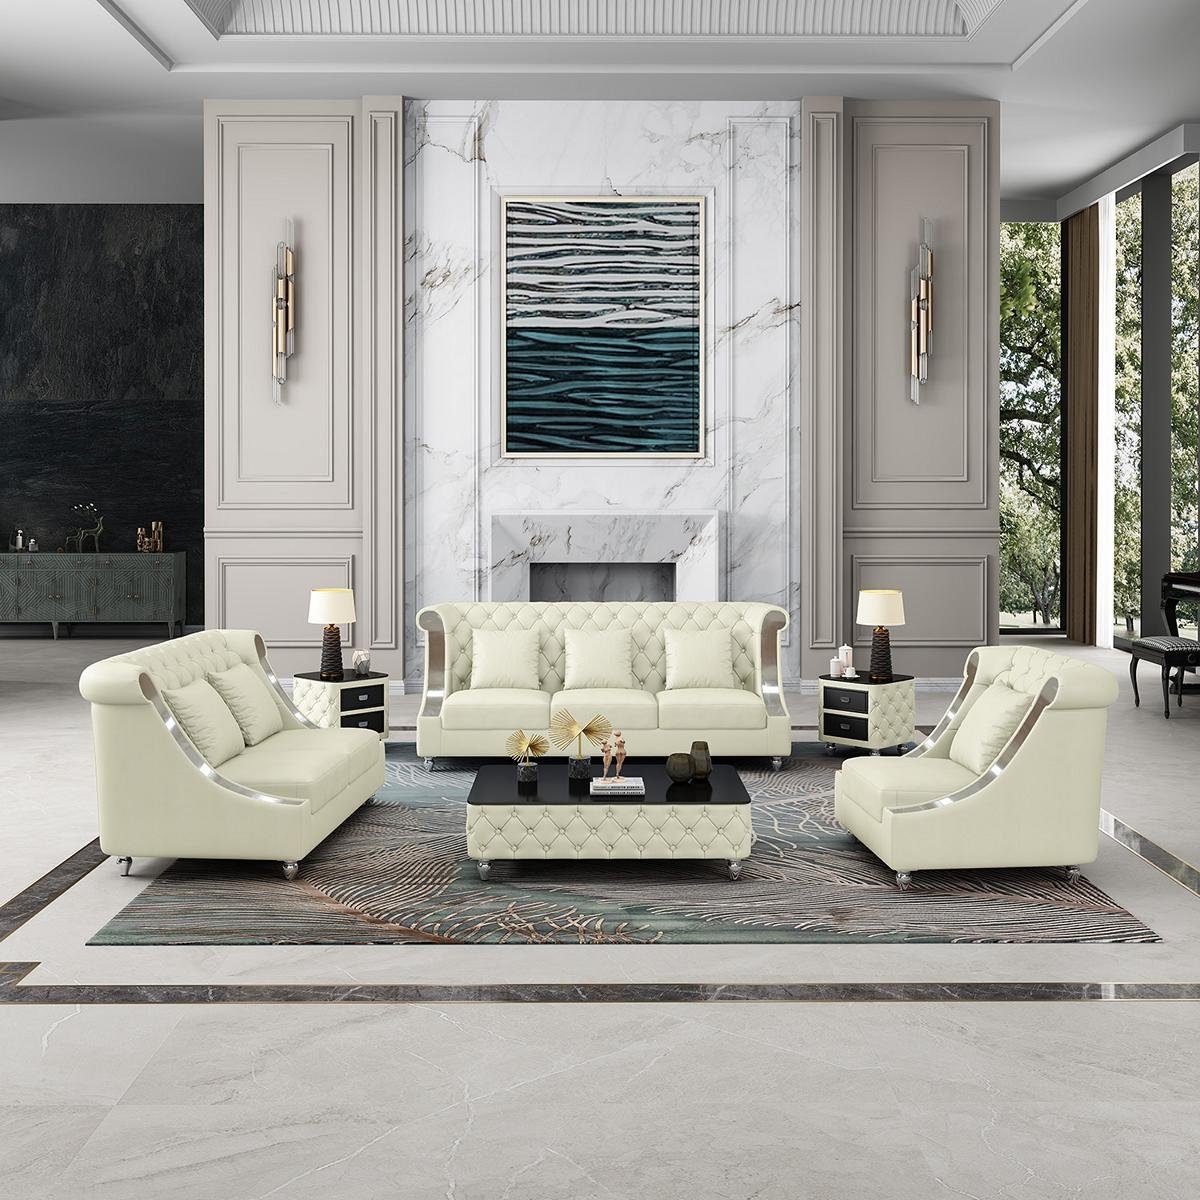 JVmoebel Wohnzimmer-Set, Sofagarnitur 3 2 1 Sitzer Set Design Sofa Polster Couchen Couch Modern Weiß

...

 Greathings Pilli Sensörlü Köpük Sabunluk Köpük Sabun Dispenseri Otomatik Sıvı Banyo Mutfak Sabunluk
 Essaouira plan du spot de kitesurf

...

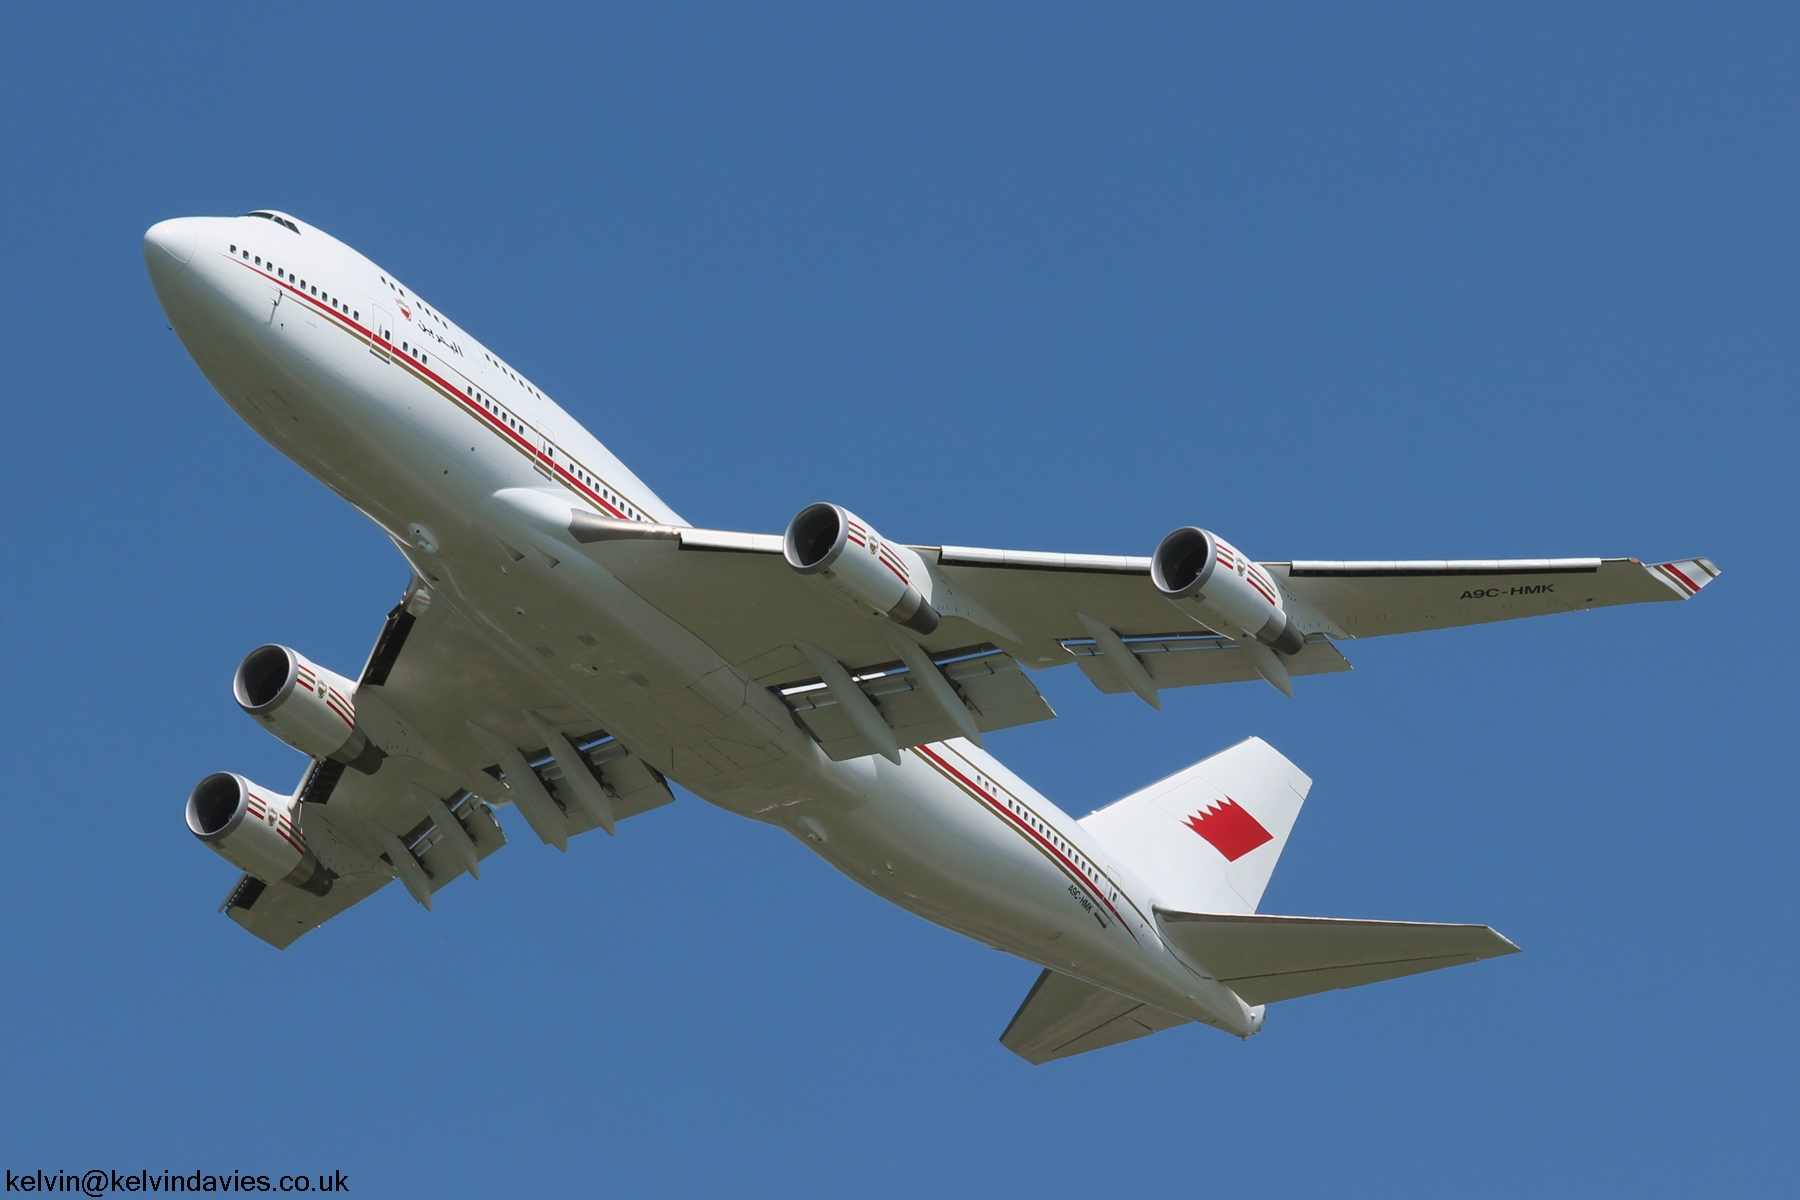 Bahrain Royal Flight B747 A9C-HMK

**Task directions**
Using the entries above, extract exactly the span from the line with "Greathings Pilli Sensörlü" to the line with "Essaouira plan du spot de kitesurf", both lines included; leave out everything else.

**The answer**
 Greathings Pilli Sensörlü Köpük Sabunluk Köpük Sabun Dispenseri Otomatik Sıvı Banyo Mutfak Sabunluk
 Essaouira plan du spot de kitesurf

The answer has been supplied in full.